In his speech this week, Tony Blair mentioned the great advances he hoped would be brought about by British scientists. Well Tony, it ain't gonna happen until you bring back grants as an incentive for people to study science and increase scientist's pay to keep them there.
I could not have had a third level education without a proper grant. As a result I've paid the grant and the fees back in taxes over the last 20 odd years. Getting your grant and fees paid for by the state works when your education gets you a properly paid and productive job. If enough of us do this then it pays for academic research, and degrees for those who may not be prime wealth creators but whose insight is nonetheless a benefit to society - eg. artists, philosophers, historians.
Duncan Drury, UK Restore grants for everyone, but if the student drops out, or fails to graduate, then the grants should be reimbursable to the Government in full. This would encourage greater effort in studies.
As a Union Sabbatical Officer working on the "Grants not fees" campaign at Surrey naturally I welcome the announcement as a good step forward. However, as is usually the case, the devil may be in the detail. I'll be much happier when I see more concrete proposals.
However, one big problem universities will now face is that they may be very low on applications next year. With nothing likely to come through before September 2003 I can see a lot of applicants deferring for a year in the hope of getting grants.

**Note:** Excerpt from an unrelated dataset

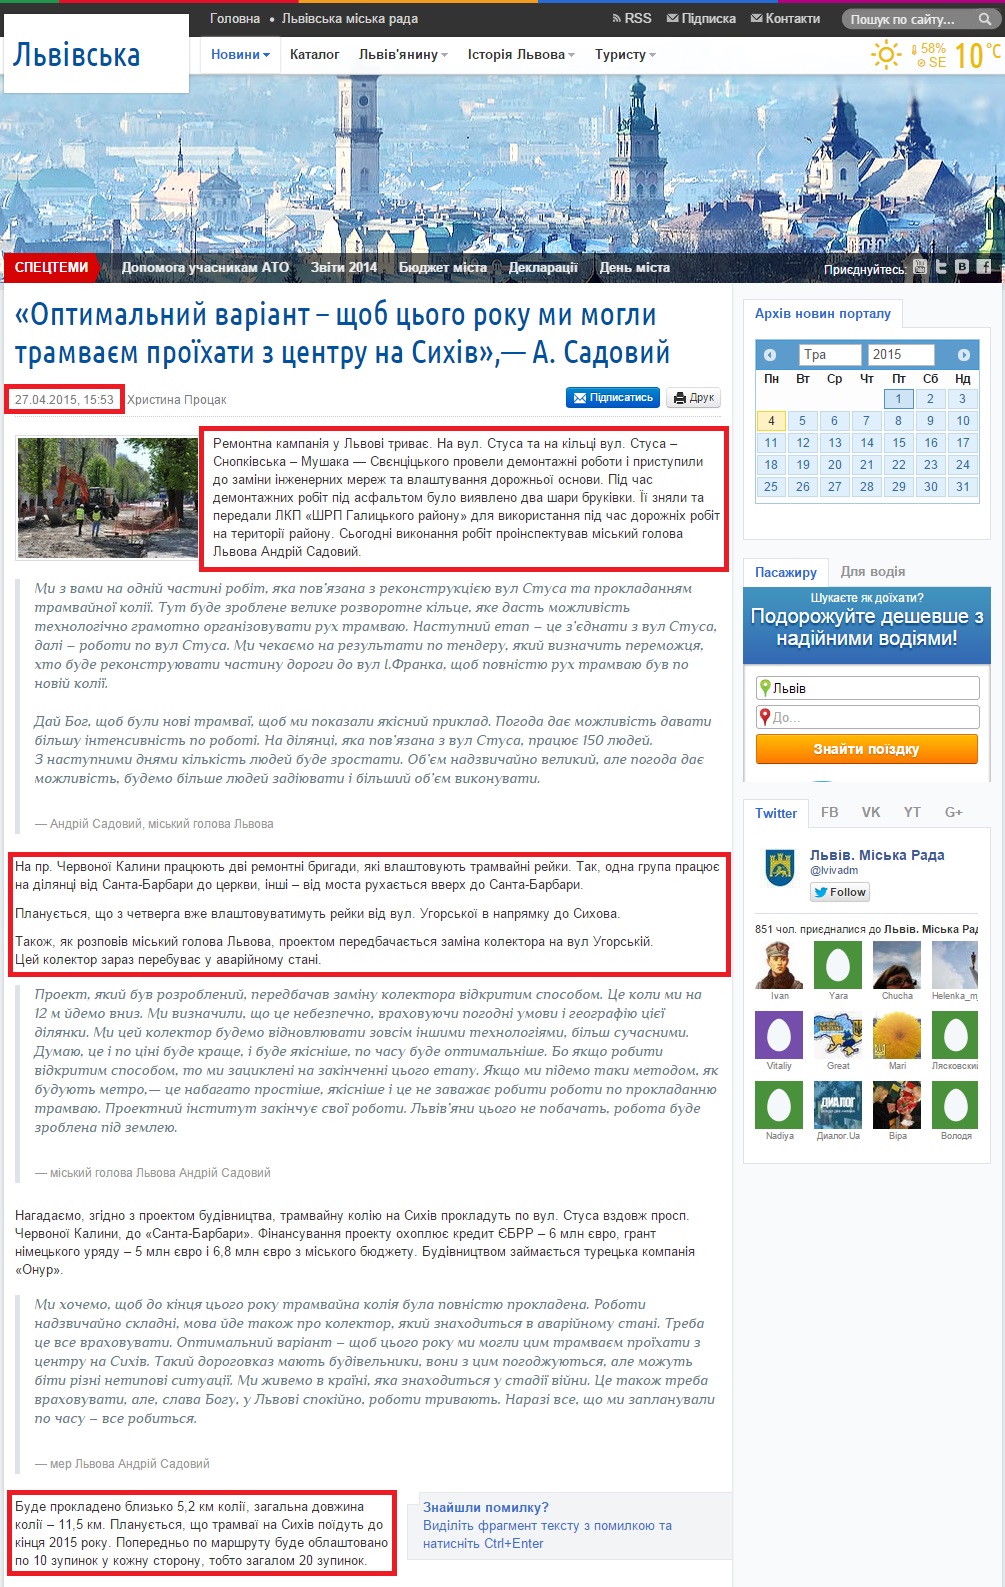 http://city-adm.lviv.ua/portal-news/society/transport/224524-optymalnyi-variant-shchob-tsoho-roku-my-mohly-tramvaiem-proikhaty-z-tsentru-na-sykhiv-a-sadovyi

If a graduate has worked abroad for good after graduation, then he/she may never need to pay the "education tax". It is unfair to other graduates who stay in the UK.
Mark, London, UK
The problem with funding comes from this government, and previous governments', desires to increase student numbers to levels that can't be afforded. This has also created a dilution of standards and the existence of semi-worthless degrees. If we can prioritise degree academic subjects with respect to their worth to society we can drop some of the "less worthy" courses and full state provision for the remainder should be possible (for example, why are there four times more media students than available media jobs.)
I would just like to point out that on average graduates ALREADY pay an additional tax: higher rate income tax, plus the full NI contribution. To me, this just looks like another one of Gordon Brown's "stealth taxes".

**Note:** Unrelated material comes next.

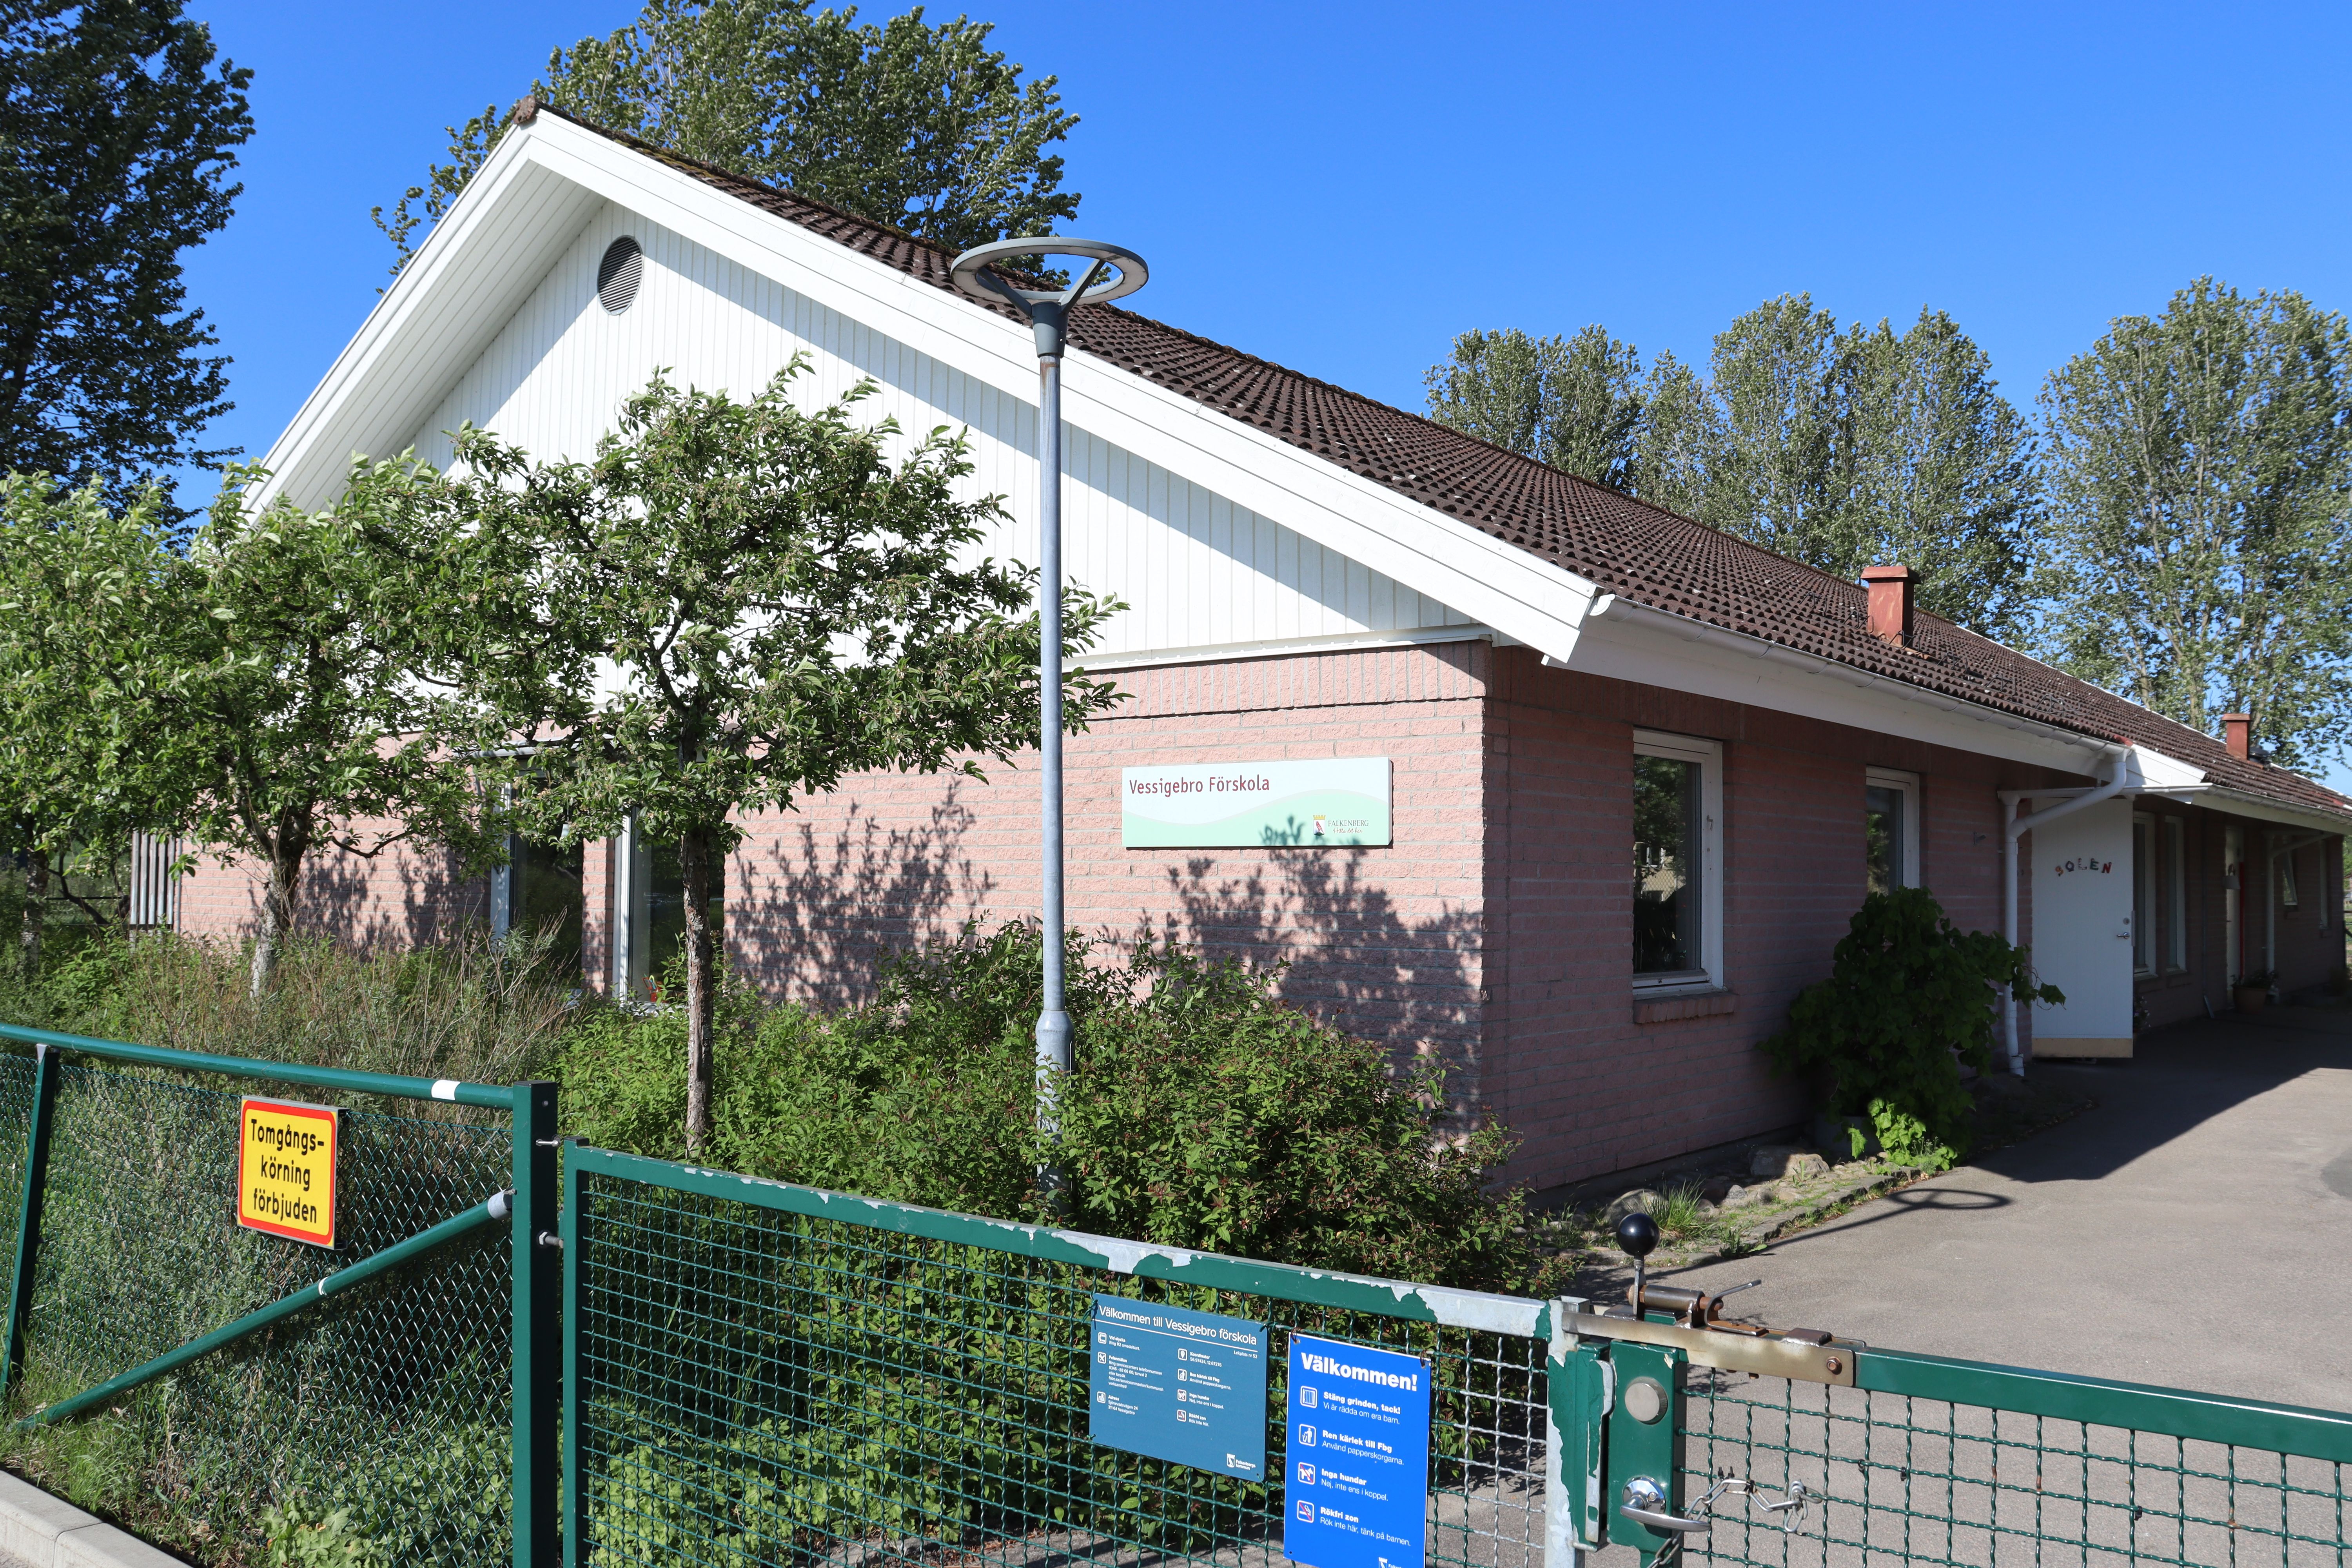 Låg ljusröd och vit byggnad sedd från gaveln, skylt med "Vessigebro förskola" på fasaden

This is an outrageous suggestion. To make the rest of us who have had to work hard to earn the money to go to university suddenly subsidise anyone who wants 3 years of drinking and clubbing whilst getting an irrelevant degree is disgraceful. The point of making people pay for higher education is to discourage those who are not really interested in furthering their knowledge. It prevents the freeloaders who scrounge for as long as possible on state benefits before finally deciding to get a job. I'm still paying of my loans for my education, which includes the fees for tuition and the same should be for everyone.

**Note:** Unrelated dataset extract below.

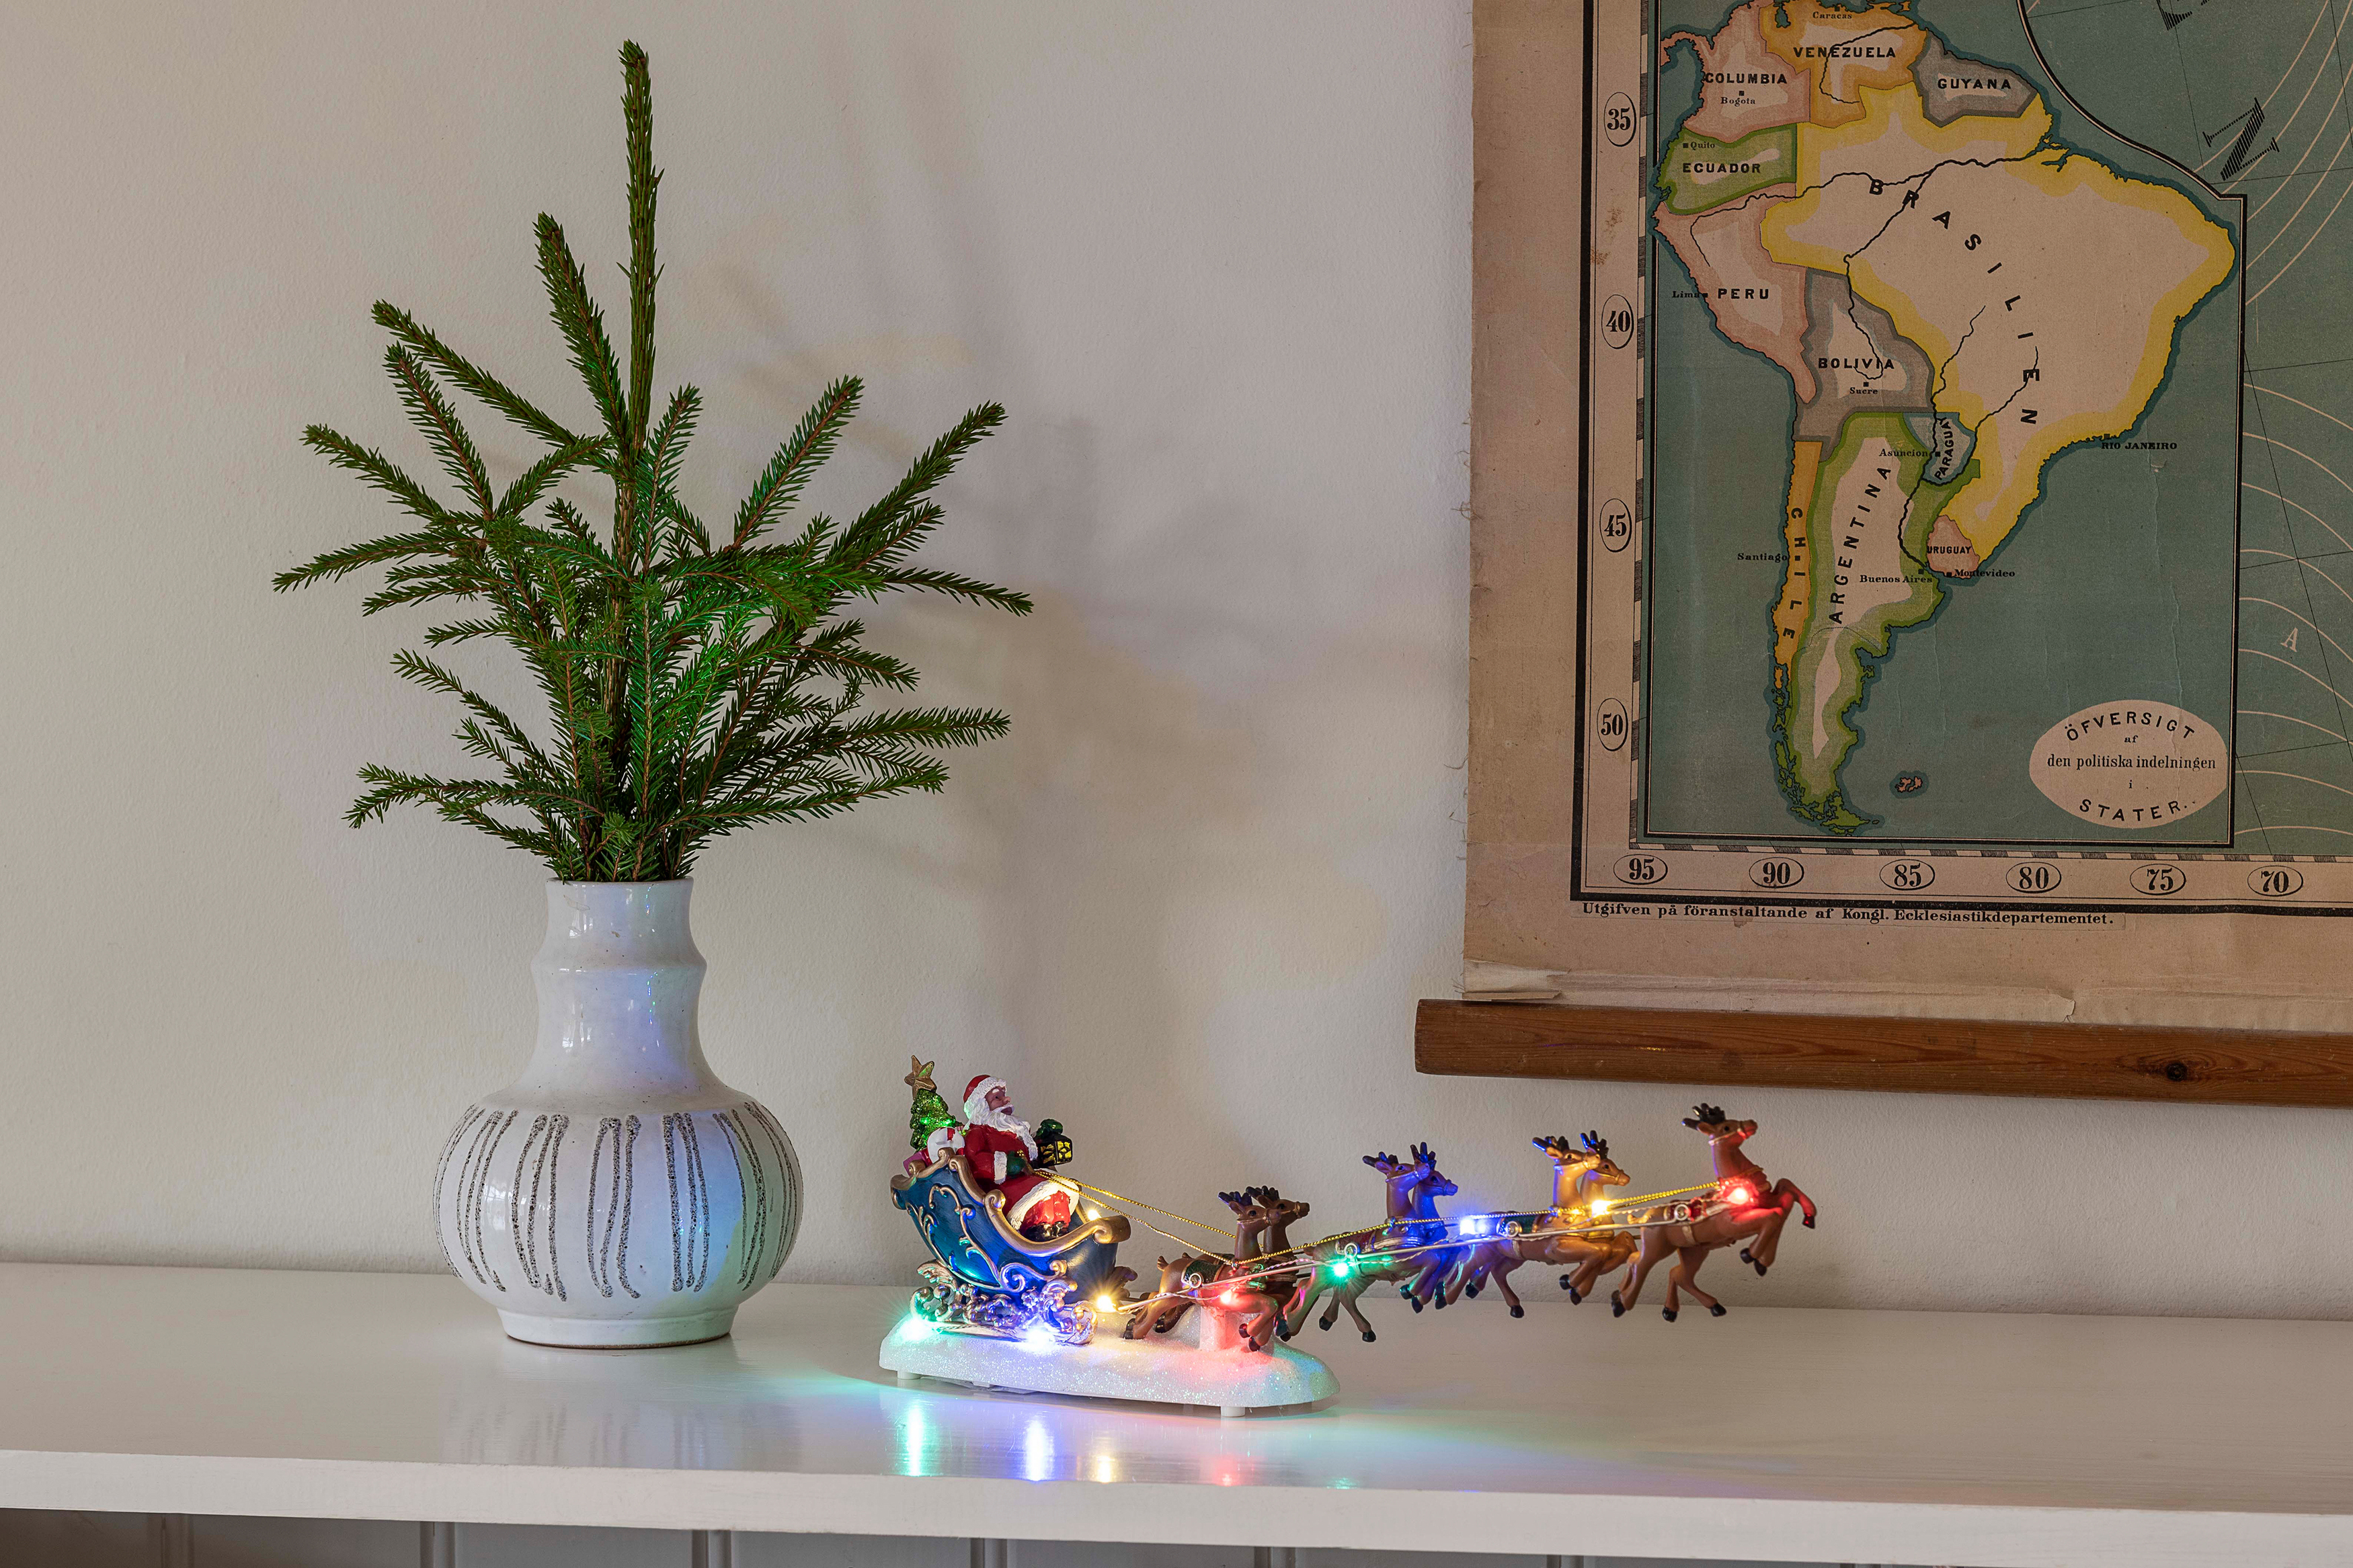 KONSTSMIDE LED Rentieren mit Szenerie Bunt, Weihnachtsmann Schlitten Bunt Leuchtdekoration, im

Paul, UK The return of some form of student grants, and of a graduate tax instead of an immediate debt, would be very welcome. The recent policy of burdening students with huge debts the minute they start their courses has resulted in students doing much low-paid part-time work - to the detriment of their studies.
Delaying the payments for studies until graduates are in a position to pay is a far more responsible approach. It will not only increase the number of people willing to enter Higher Education, it will also improve of the educational experience of those who do enter.
We need a way to give incentives to students through funding based on merit, not elitism, without fuelling student debt or dependency. Means-tested grants and loans have both failed.
When I was a student in 1969 I applied for a student's grant but what I got was not worth the trouble as both parents worked. If all students were independent of parental assistance and applied for a grant then they should sign an agreement that they should spend the next 2-3 years in employment within the UK before taking their newly qualified skills elsewhere.